Science as a Global Public Good: Reflections from the Royal Society’s Science+ Event
- sarahschubert3
- 5 days ago
- 3 min read
Earlier this month, scholars, practitioners and policymakers converged at the Royal Society for a two-day exploration of a deceptively simple question: can science truly function as a global public good? Across conceptual, political and practical dimensions, the event exposed both the profound promise of science and the structural tensions that prevent it from serving societies equitably. For ICPEM, whose mission is to connect science with policy and practice in emergencies and resilience, this was an especially resonant conversation.
Re-examining “Science as a Public Good”
Professor Michaela Massimi opened by reminding us that the idea of science as a public good is neither settled nor straightforward. Legal, philosophical and economic perspectives often clash: UNESCO speaks of science as a shared human endeavour, yet widening global inequalities suggest that access to scientific progress is far from universal. Professor Geoffrey Boulton highlighted how modern scientific practice—publication models, professional incentives, and siloed academic cultures—systematically reduces the availability and usability of knowledge. Democratizing science, he argued, will require structural reform: rethinking publishing, enabling lifelong access to scientific knowledge, and strengthening the public voice within scientific institutions.
UNESCO’s Dr Konstantinos Tararas emphasised that scientific freedom, safety and openness are prerequisites for science to serve society. However, emerging tools for monitoring these freedoms reveal severe risks, including threats to researchers, online harassment, political pressure, and the challenges posed when funders also act as assessors of scientific freedom.

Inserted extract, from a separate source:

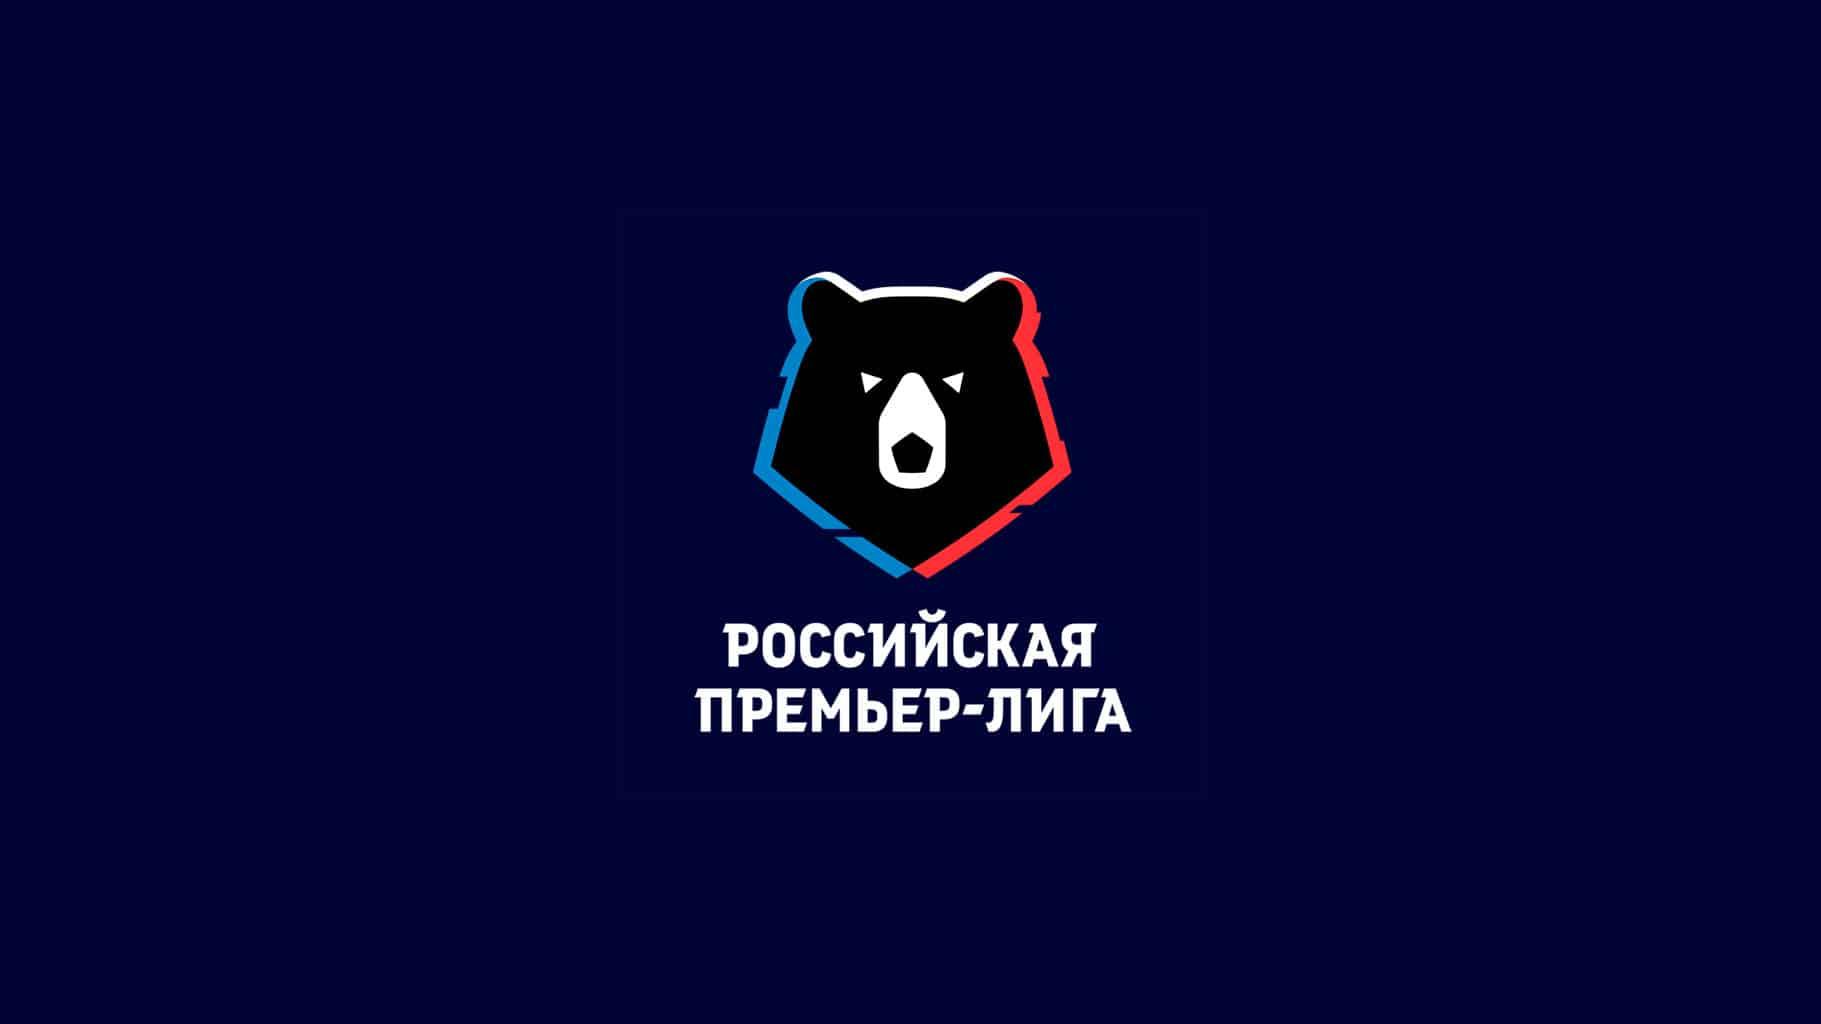 CSKA Moscú – Spartak Moscú

Human Rights, Public Value and Participation
Discussions on the human right to science, led by Professors Alexandra Xanthaki, Professor Jonathan Wolff and others, underscored the complex interplay between freedom, inclusion and expertise. A recurring theme was participation: not merely access to scientific outcomes, but meaningful involvement in setting research agendas, shaping decisions, and ensuring that benefits and harms are shared transparently. This raises practical questions about funding, fairness and whose knowledge counts—especially for communities with lived experience, indigenous knowledge systems, and non-traditional expertise.

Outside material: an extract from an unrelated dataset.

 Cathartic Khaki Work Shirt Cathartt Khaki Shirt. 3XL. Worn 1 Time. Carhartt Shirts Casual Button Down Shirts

Geopolitics, Science Diplomacy and the Fractured Global Landscape
Several speakers noted the rising pressures of national security, geopolitical fragmentation, and commercialisation. Science diplomacy is no longer a luxury; it is a necessity for maintaining global cooperation on climate, health, disasters and technology governance. Yet the global science system remains structurally unequal. Contributions from African leaders were particularly powerful: African science relies heavily on external funding, is structurally marginalised, and often shaped by donor agendas. If science is to be globally just, those structural dynamics must be confronted directly.
Education, Inequality and the Future of Scientific Talent
Professor Dame Athene Donald’s session was a stark reminder that science as a public good requires diverse participation and equitable educational opportunities. From gender gaps in STEM participation to the global disparities in access to schooling, societies are consistently failing to nurture scientific talent—especially among girls, minority groups and marginalised communities. These inequities echo the same structural issues visible across global science governance.
What Should Change?
In the final discussions, speakers returned to the central question: what must be done? Among the clearest conclusions:
Strengthen the link between science and society through genuine engagement, not one-way communication.
Rebuild public trust by being transparent about uncertainties and limits.
Align incentives across universities, industry and government to support public-good science rather than commercial metrics alone.
Design resilient, predictable science systems capable of long-term discovery.
Ensure global science governance is inclusive, equitable and cognisant of local contexts—especially in the Global South.
For ICPEM, the message is clear: science must be accessible, useful and used. Achieving this goal requires not only better communication, but structural reform, cultural change, and active participation from both communities and practitioners. In an era of polycrisis, the public good value of science is not aspirational—it is essential.